Is this diet, then, a good idea? Professor Jack Gilbert provided the answer in an interview with the Atlantic:

“Physiologically, it would just be an immensely bad idea. A terribly, terribly bad idea. Your body would start to have severe dysregulation, within six months, of the majority of the processes that deal with metabolism; you would have no short-chain fatty acids in your cells; most of the by-products of gastrointestinal polysaccharide fermentation would shut down, so you wouldn’t be able to regulate your hormone levels; you’d enter into cardiac issues due to alterations in cell receptors; your microbiota would just be devastated.”
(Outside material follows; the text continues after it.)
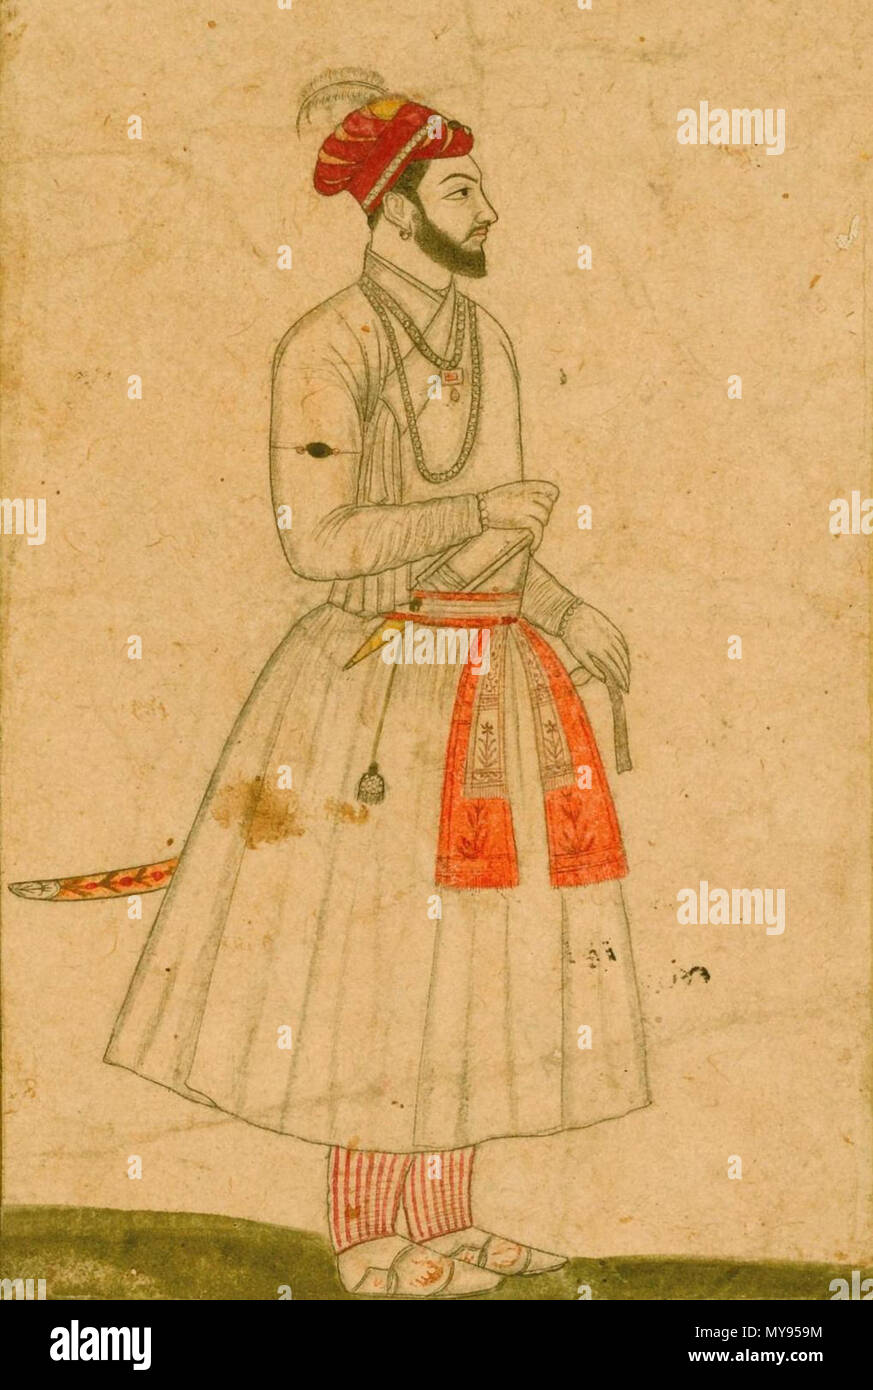 . Englisch: ein Porträt des Prinzen kam Baksh, der Sohn Aurangzeb, Indien, Mughal, 18. Jahrhundert Schätzung: 500 - 800 GBP VIEL VERKAUFT. 2.750 GBP (Hammer Preis bei Käuferprovision) Tinte mit Verwendung von Farben auf Papier, auf dem Album Seite mit gold-Blau gesprenkelt Grenzen, in den unteren Rand und auf der Rückseite in Schwarz Tinte in nasta'liq Skript habihi Shahzadeh kam Bakhsh' Zeichnung bezeichnet: 18,6 10,4 cm. Blatt: 44,3 bis 28,6 cm. 18. Indien, Mughal, 18 ein Porträt des Prinzen kam Baksh, der Sohn Aurangzeb (7/8) Stockfoto

Image source: Wikimedia Commons

5. The feeding tube diet

It’s about as horrible as you would imagine. A feeding tube is inserted through the nose of the dieter, and an electric pump consistently pushes a slurry of proteins, fats, and micronutrients that amounts to about 800 calories per day. The diet can cause constipation, for which laxatives can be administered. Because the pump is continuous and it features zero carbohydrates, dieters claim they don’t feel hungry at all.

It’s a very bad idea. Doctors warn that this diet can cause kidney failure and, due to the insertion of a feeding tube for days at a time, aspiration, lung infections, and the erosion of tissues in the nose and throat. Since this qualifies as a “crash diet,” or a diet designed for rapid weight loss, people tend to just return to their old eating habits afterward, gaining the weight back.

What’s more, crash diets are associated with the development of eating disorders. So, if you really want to lose weight, maybe go for something slightly less radical than shoving a tube down your nose.